**Prompt**
Skip the pictures. Give all the data again exactly.

╭─ Dataset section

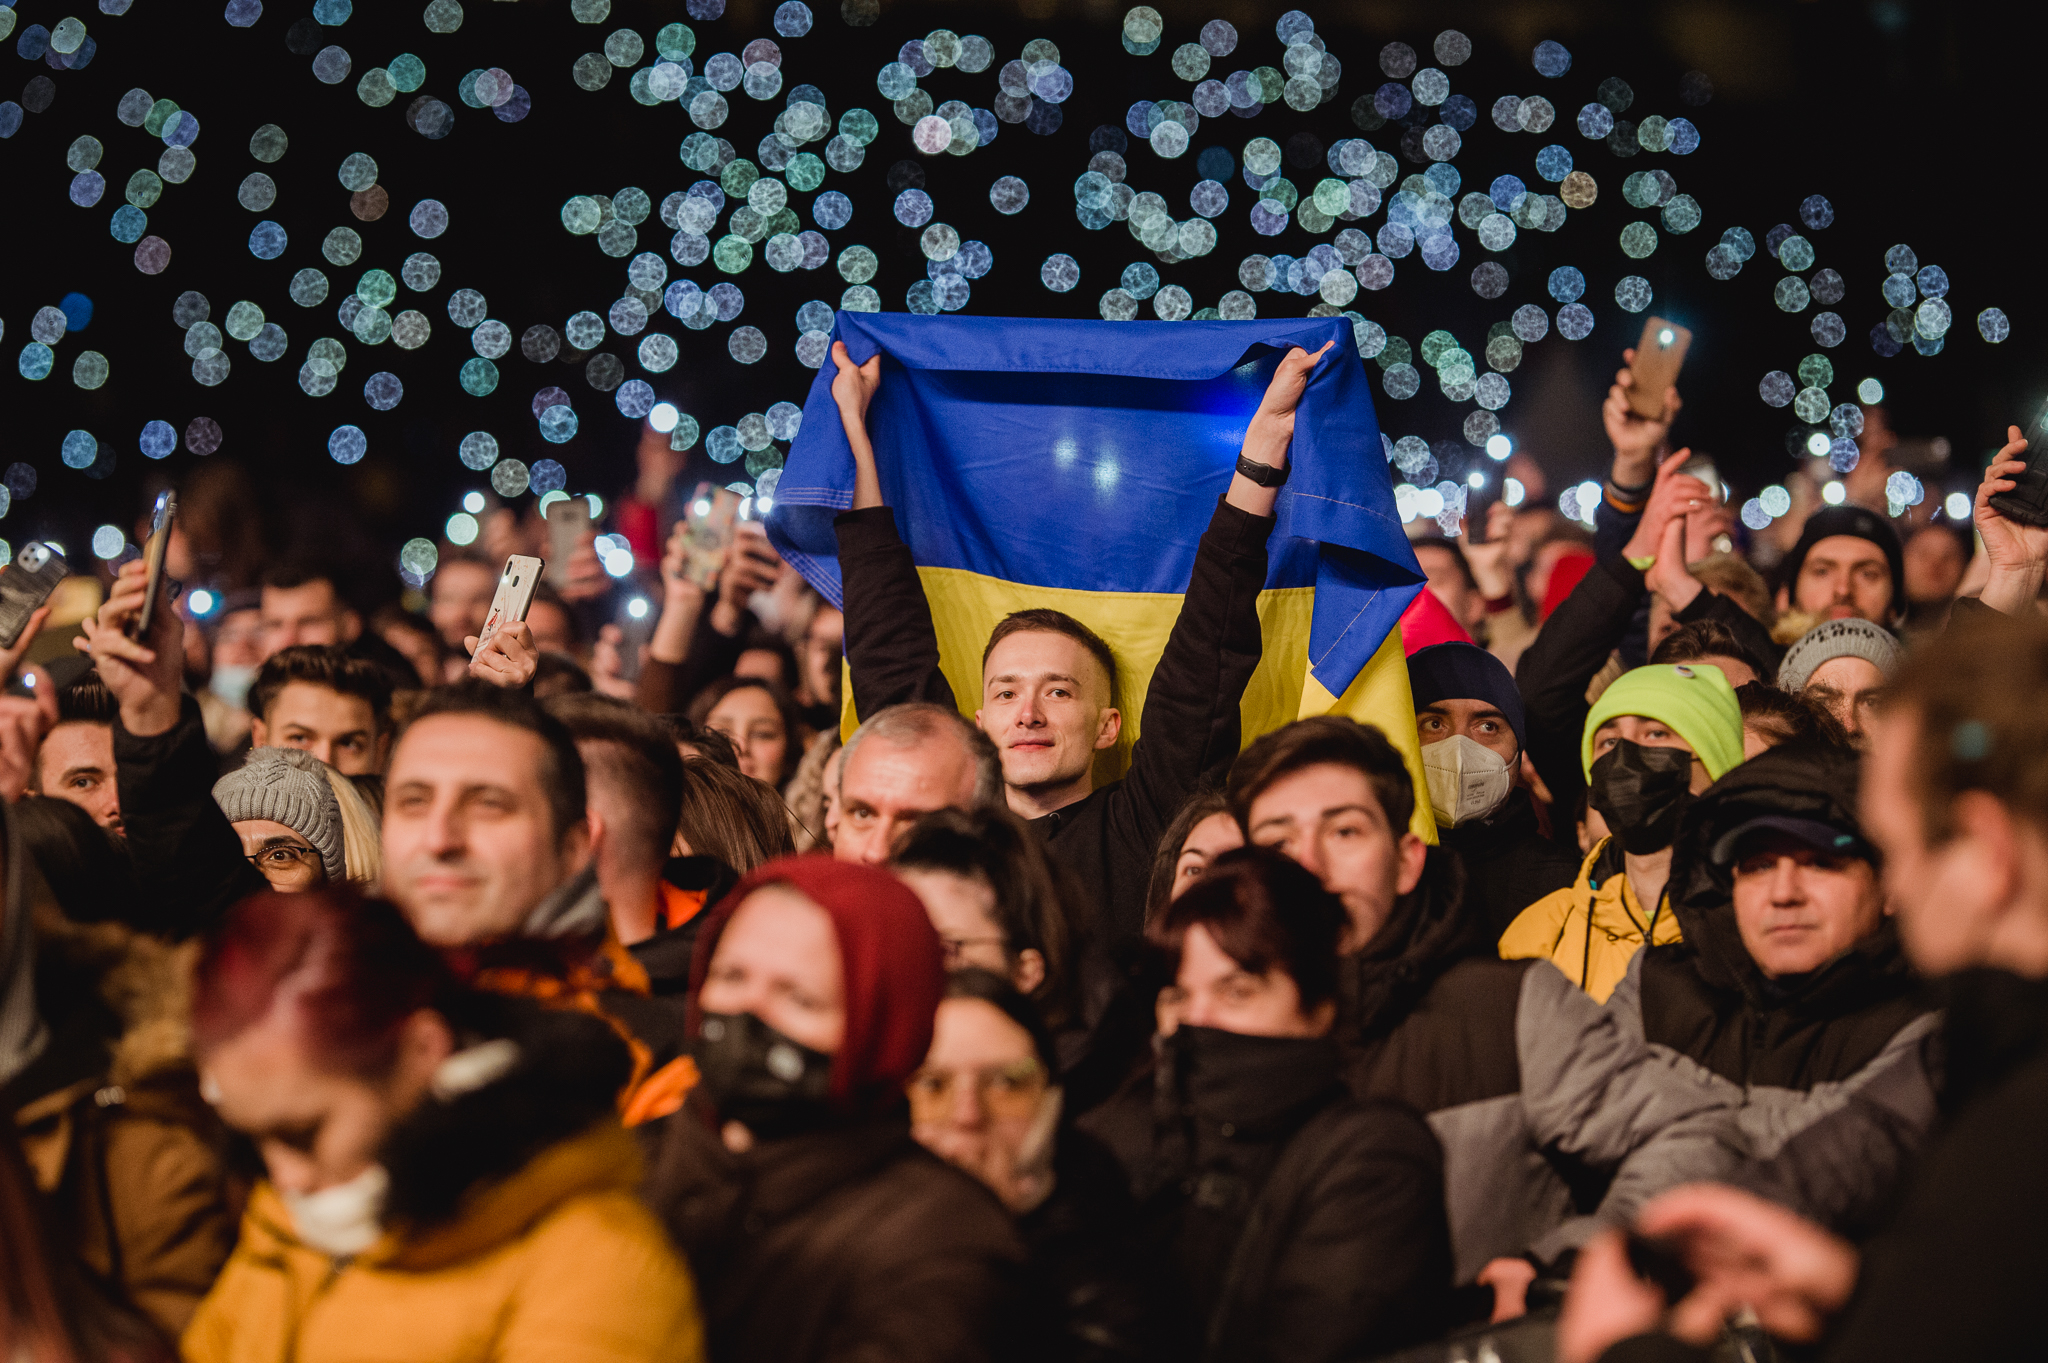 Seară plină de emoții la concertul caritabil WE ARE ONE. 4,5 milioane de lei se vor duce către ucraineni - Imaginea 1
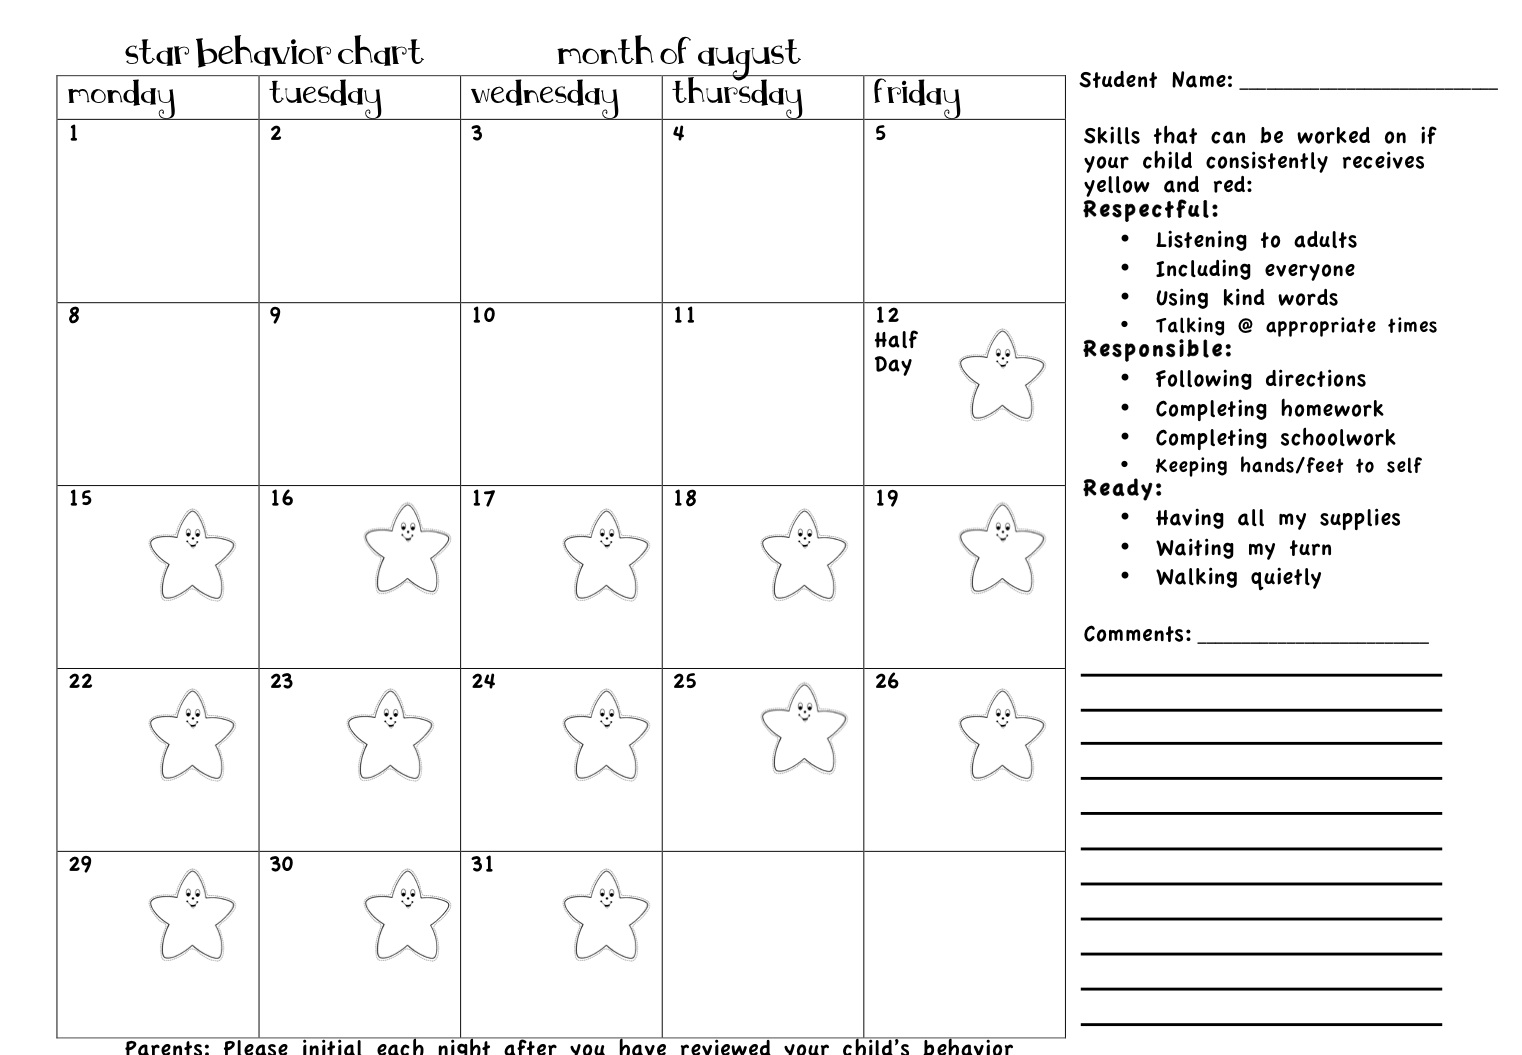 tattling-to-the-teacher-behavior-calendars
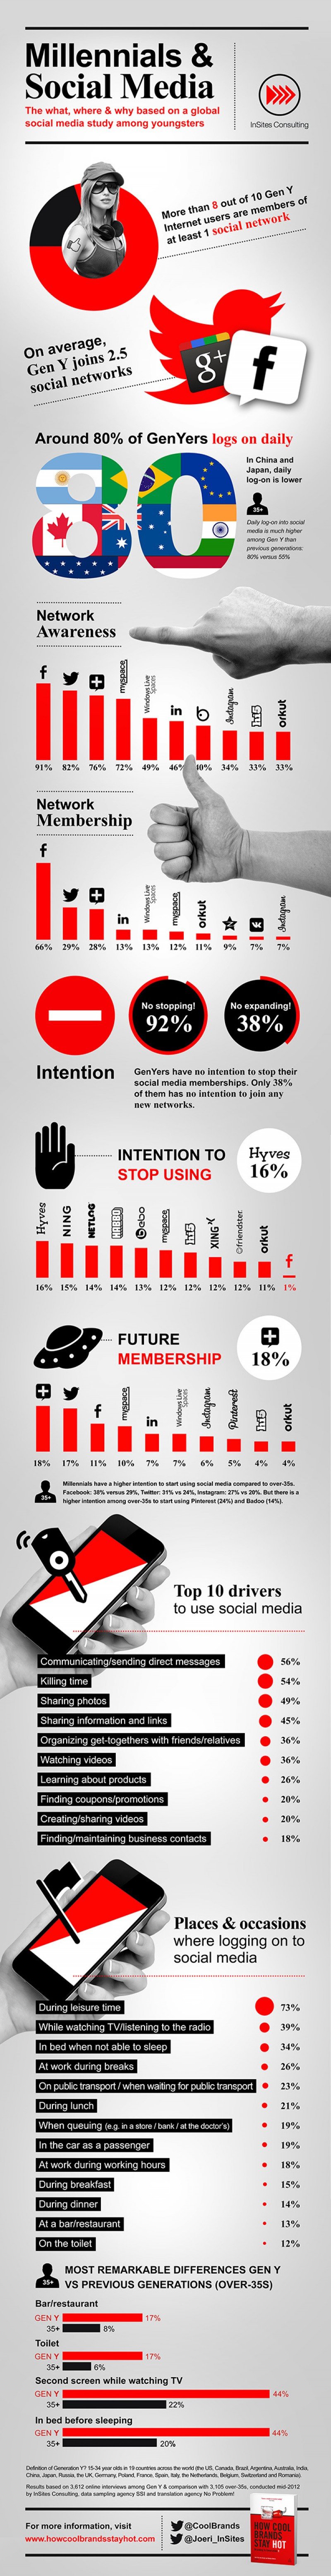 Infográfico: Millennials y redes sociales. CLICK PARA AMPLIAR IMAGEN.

╰─

**Your response**
 Seară plină de emoții la concertul caritabil WE ARE ONE. 4,5 milioane de lei se vor duce către ucraineni - Imaginea 1
 tattling-to-the-teacher-behavior-calendars
 Infográfico: Millennials y redes sociales. CLICK PARA AMPLIAR IMAGEN.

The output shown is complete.